▶ PROMPT
Please set down the data again exactly, minus the pictures.

-- DATA PROVIDED follows --

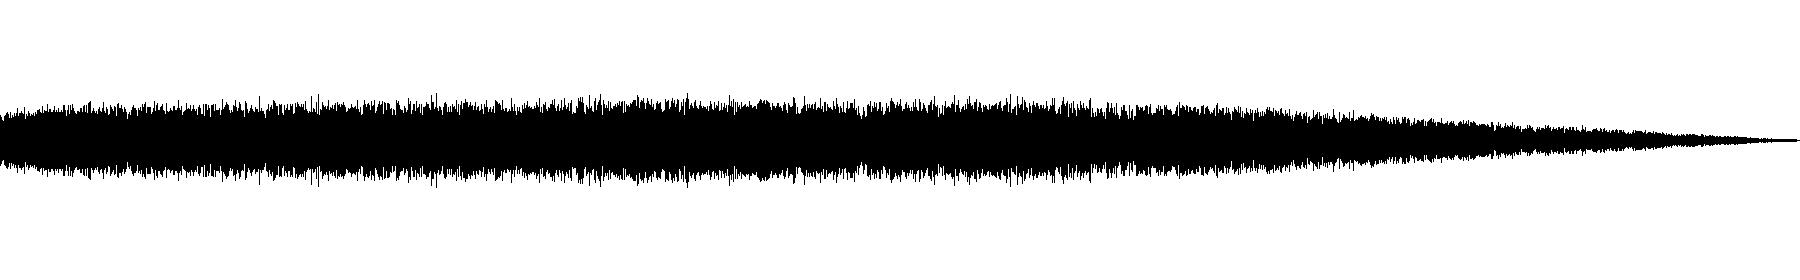 catastroficbit1
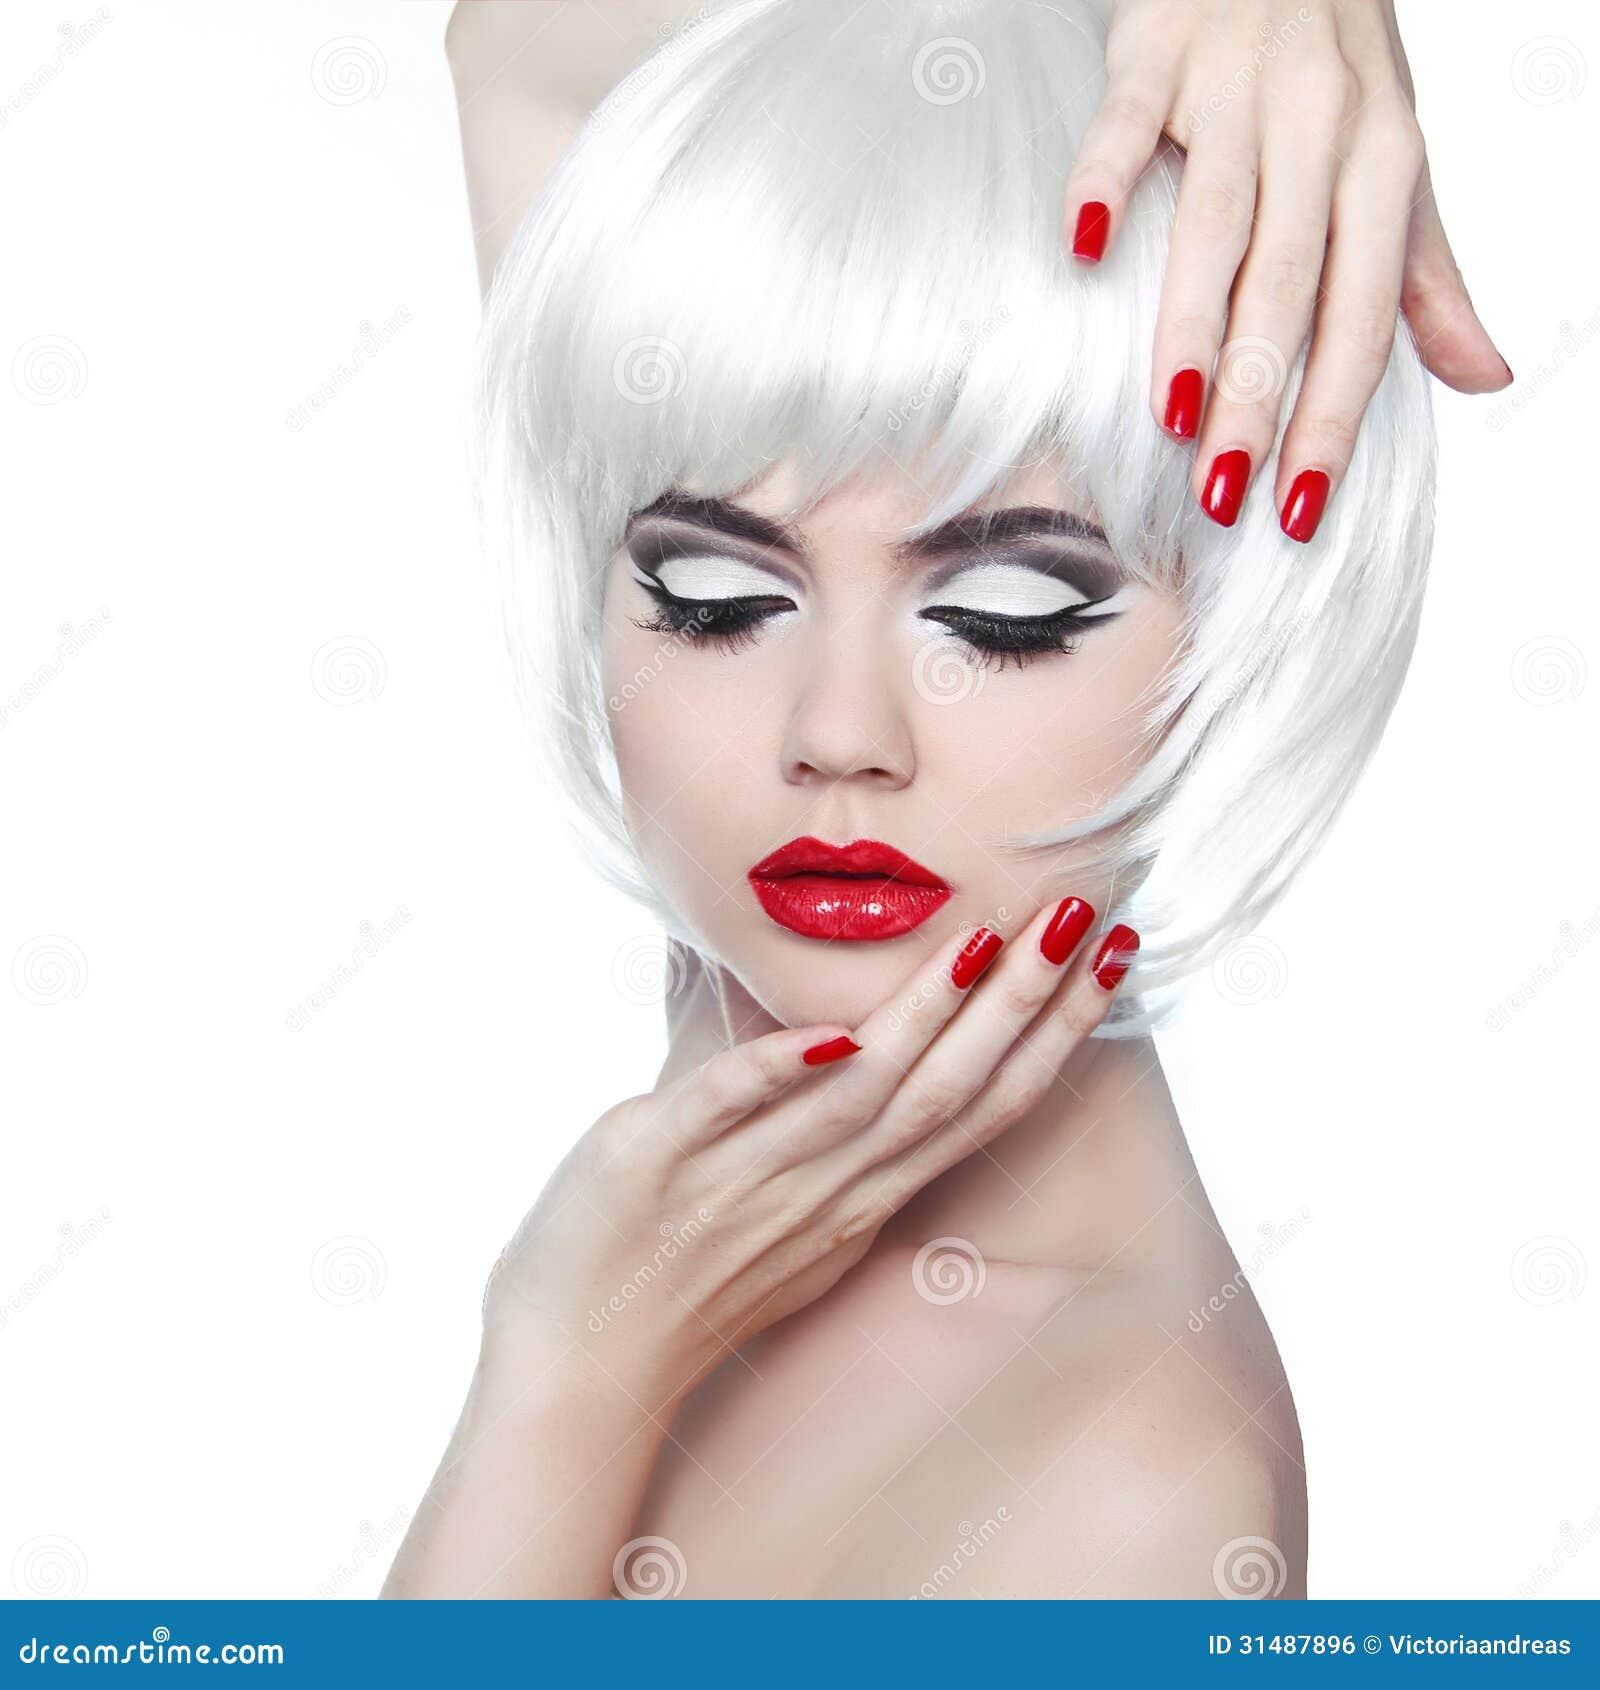 Фото девушки с прической и ногтями
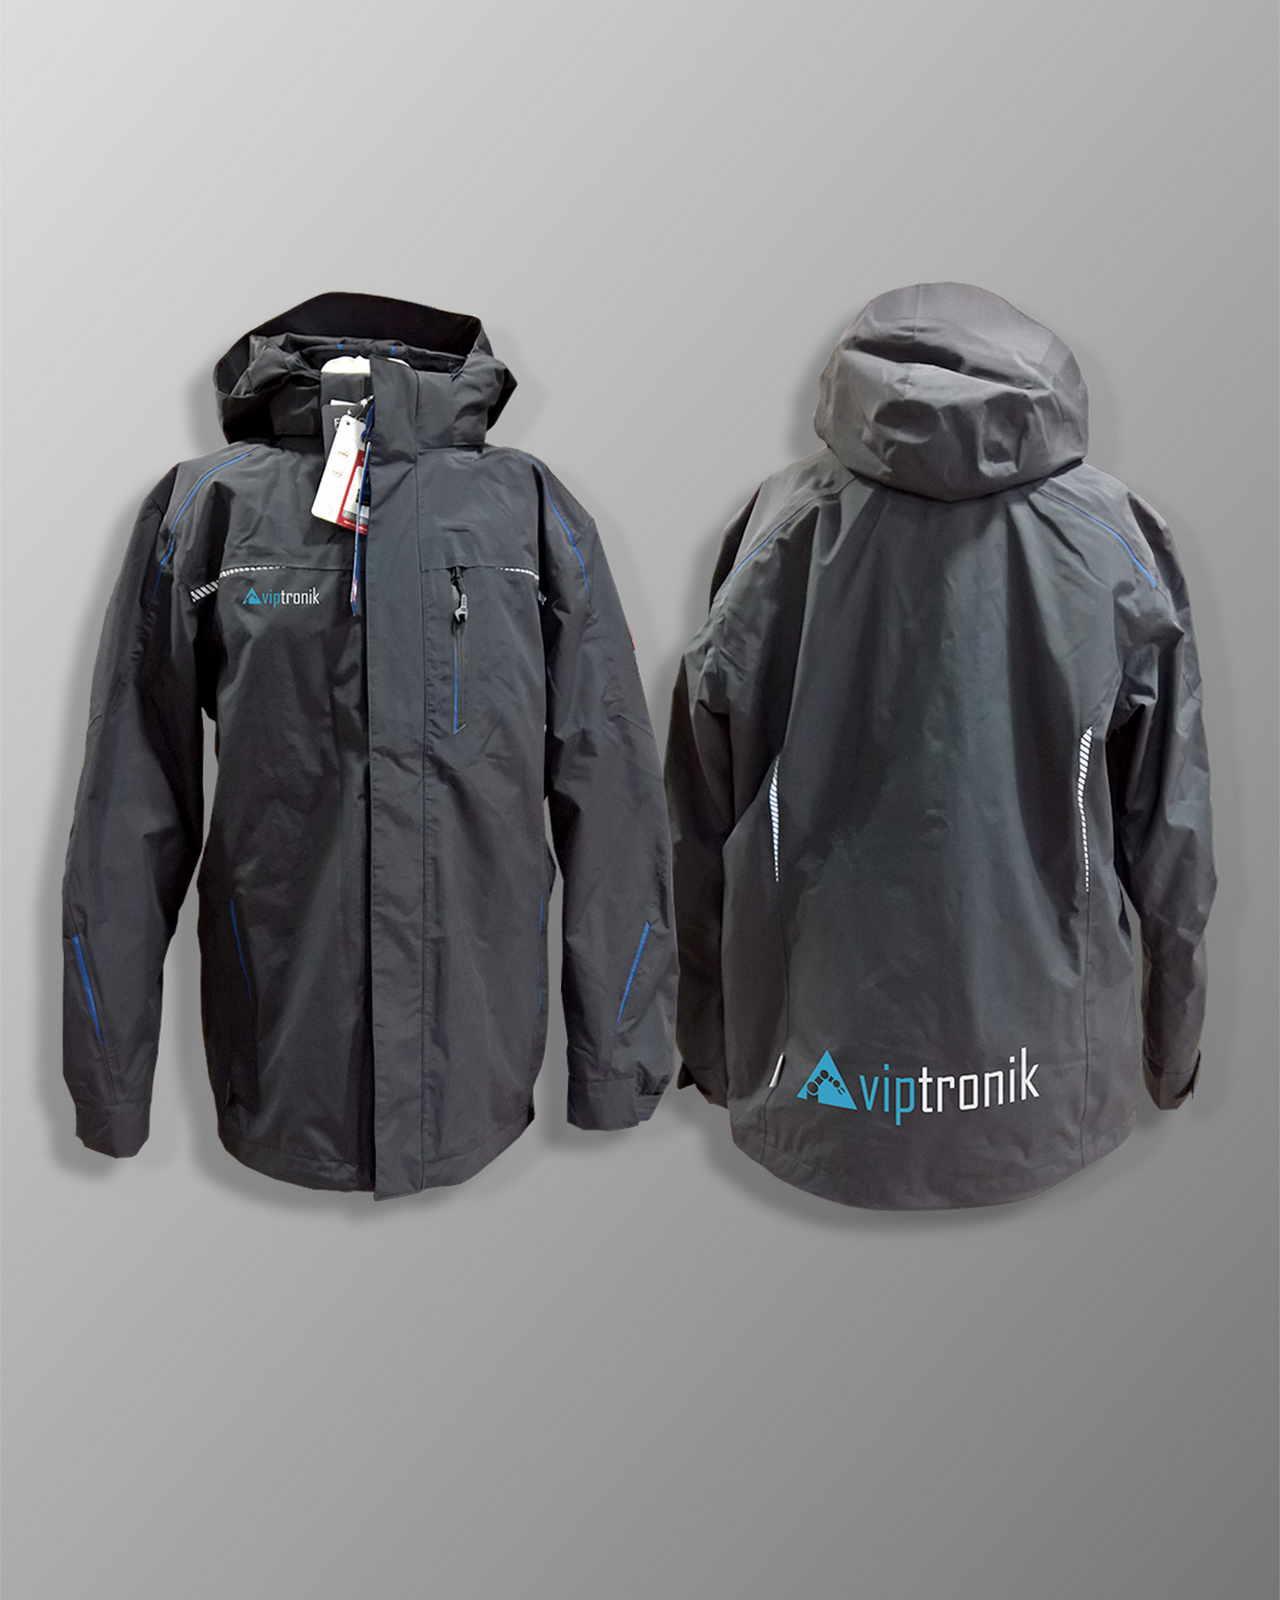 Delovna jakna Viptronik
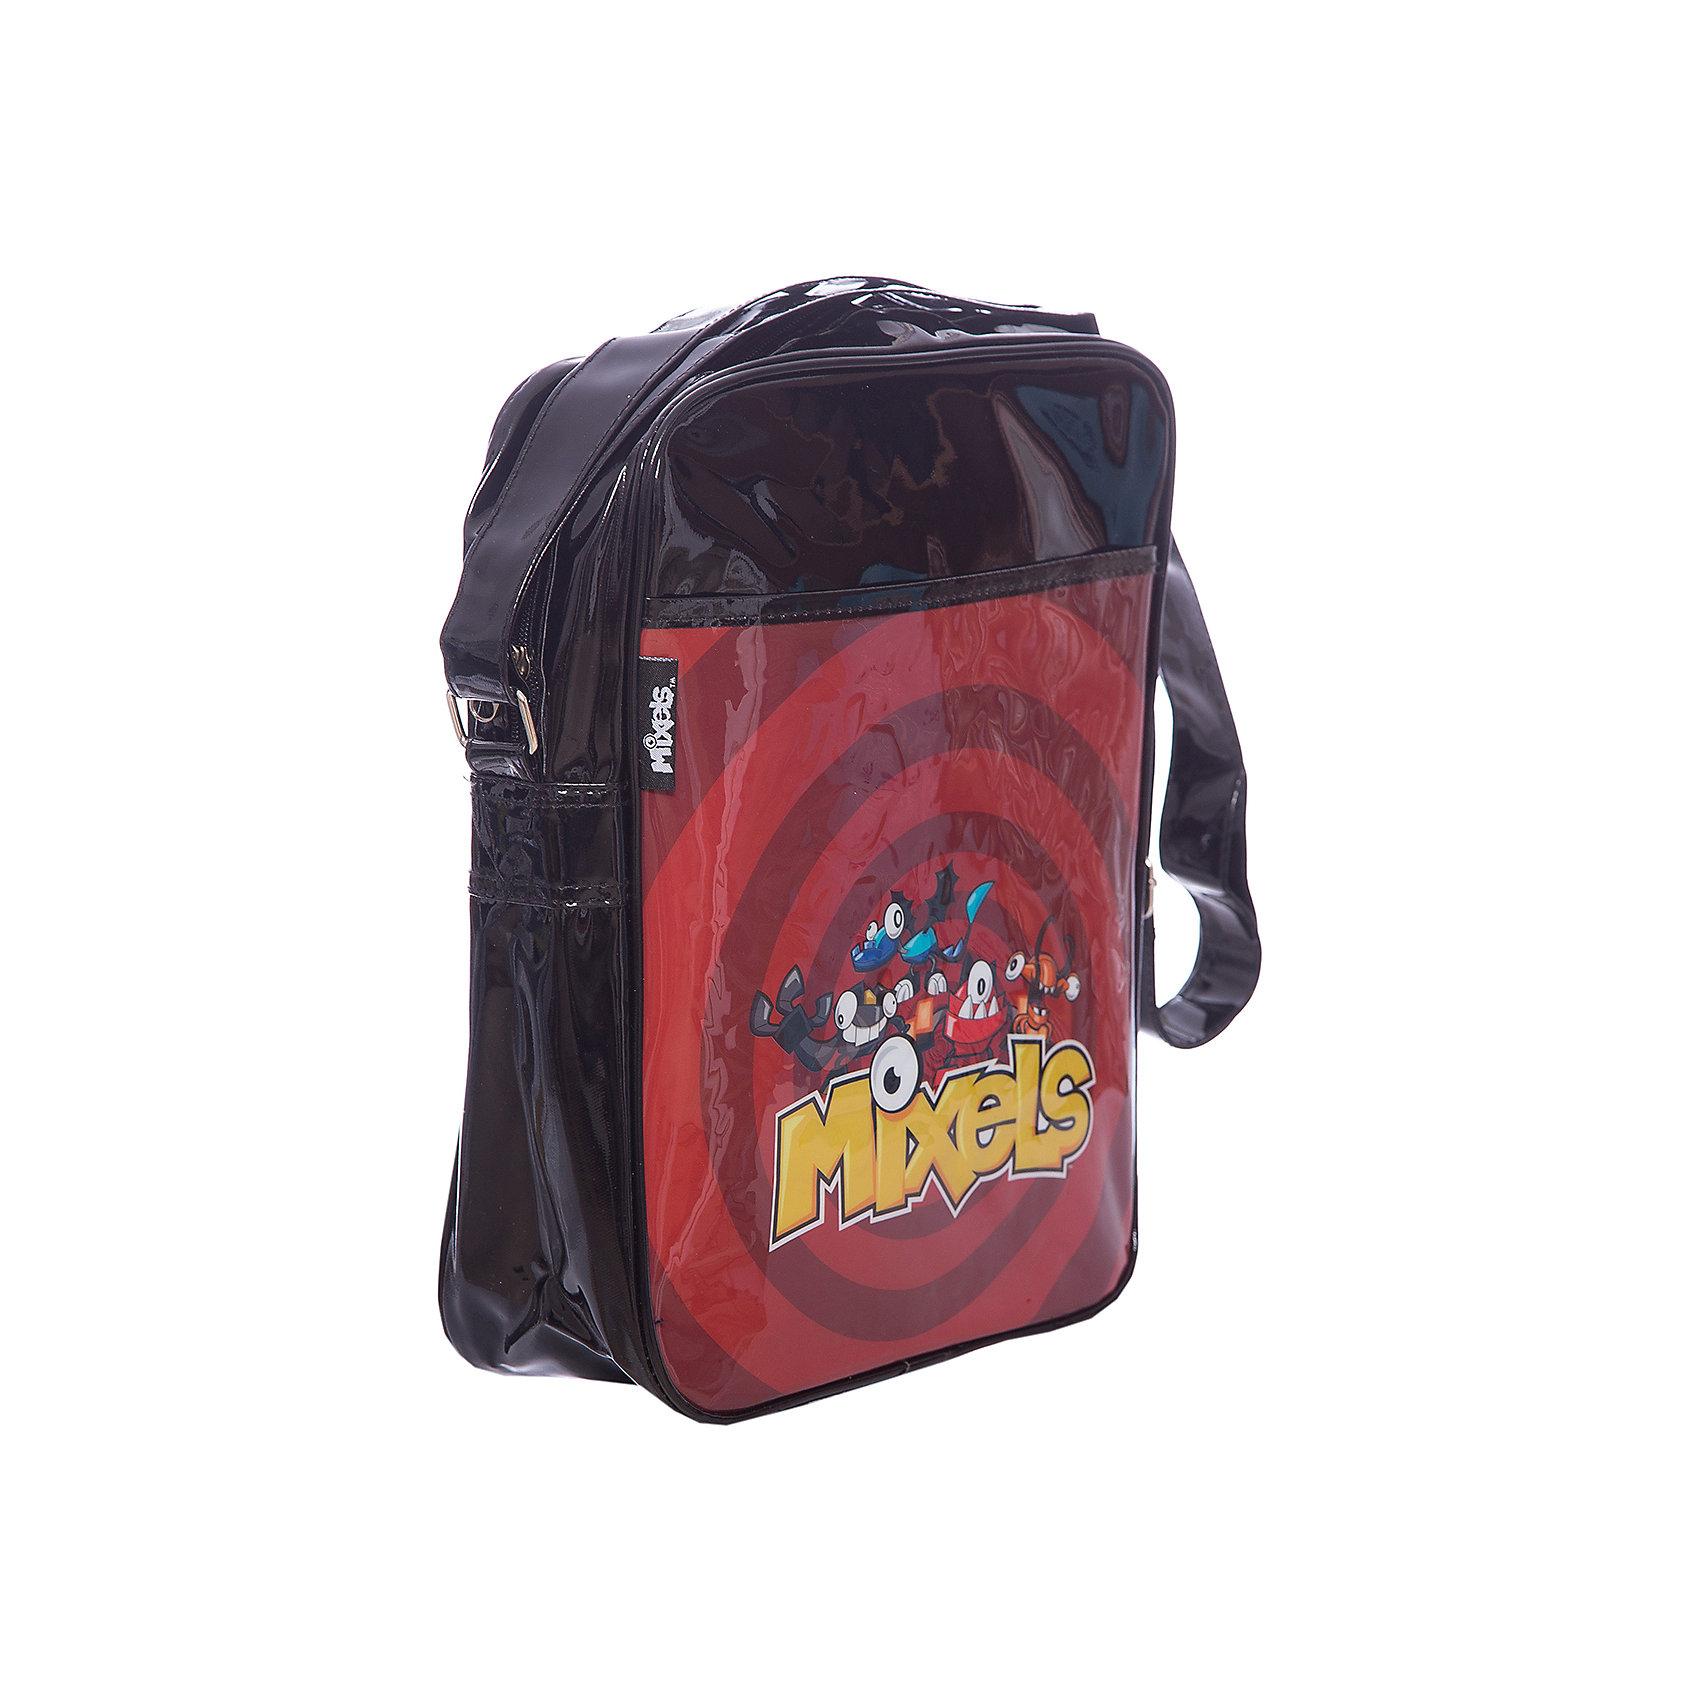 Сумка Lucky bag, Mixels, цвет красный с черным4995083 Сумка Lucky bag LEGO Mixels отд.на молнии, передн.карман, регулируемый плечевой ремень   черный с красным 32*26*8,5 см<br><br>Ширина мм: 350<br>Глубина мм: 400<br>Высота мм: 310<br>Вес г: 320<br>Возраст от месяцев: 48<br>Возраст до месяцев: 96<br>Пол: Мужской<br>Возраст: Детский<br>SKU: 5475521
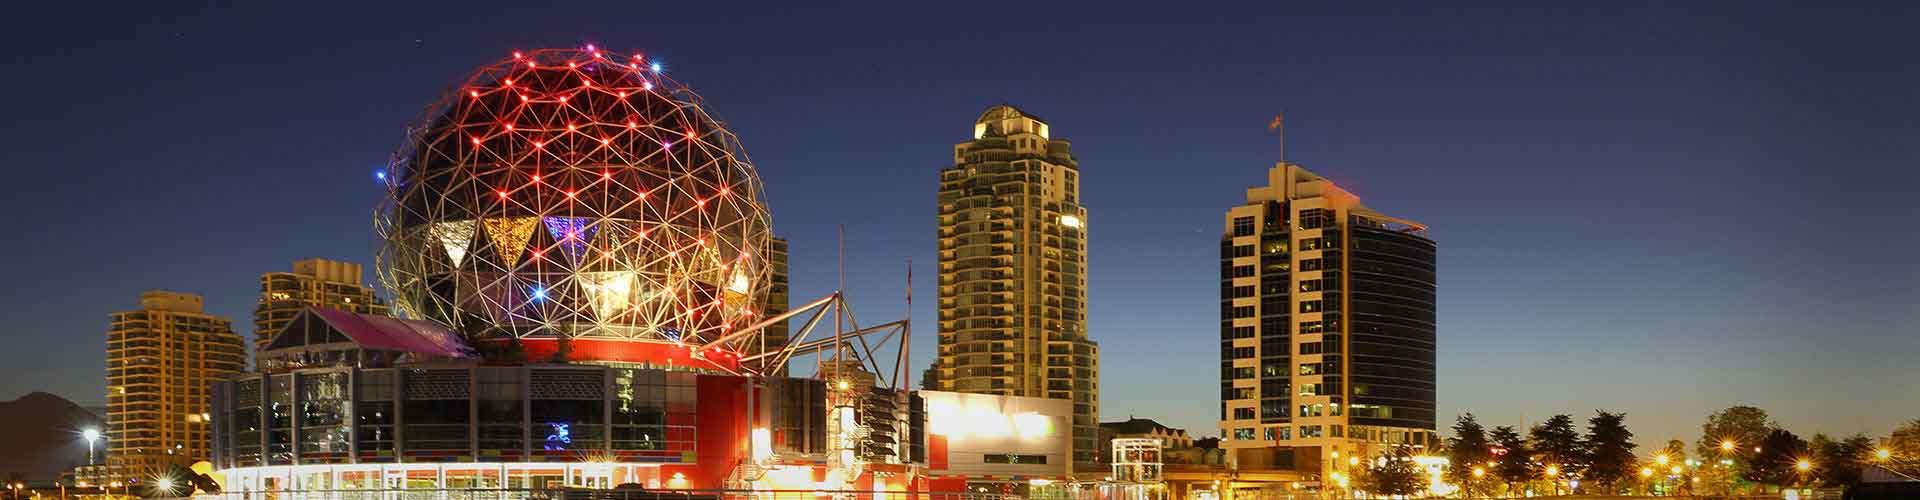 Vancouver - Ifjúsági Szállások Vancouverben. Vancouver térképek, fotók és ajánlások minden egyes ifjúsági szállásokra Vancouver-ben.

-- DATA PROVIDED concluded --

▶ SOLUTION FOR THIS PROBLEM
 catastroficbit1
 Фото девушки с прической и ногтями
 Delovna jakna Viptronik
 Сумка Lucky bag, Mixels, цвет красный с черным4995083 Сумка Lucky bag LEGO Mixels отд.на молнии, передн.карман, регулируемый плечевой ремень   черный с красным 32*26*8,5 см<br><br>Ширина мм: 350<br>Глубина мм: 400<br>Высота мм: 310<br>Вес г: 320<br>Возраст от месяцев: 48<br>Возраст до месяцев: 96<br>Пол: Мужской<br>Возраст: Детский<br>SKU: 5475521
 Vancouver - Ifjúsági Szállások Vancouverben. Vancouver térképek, fotók és ajánlások minden egyes ifjúsági szállásokra Vancouver-ben.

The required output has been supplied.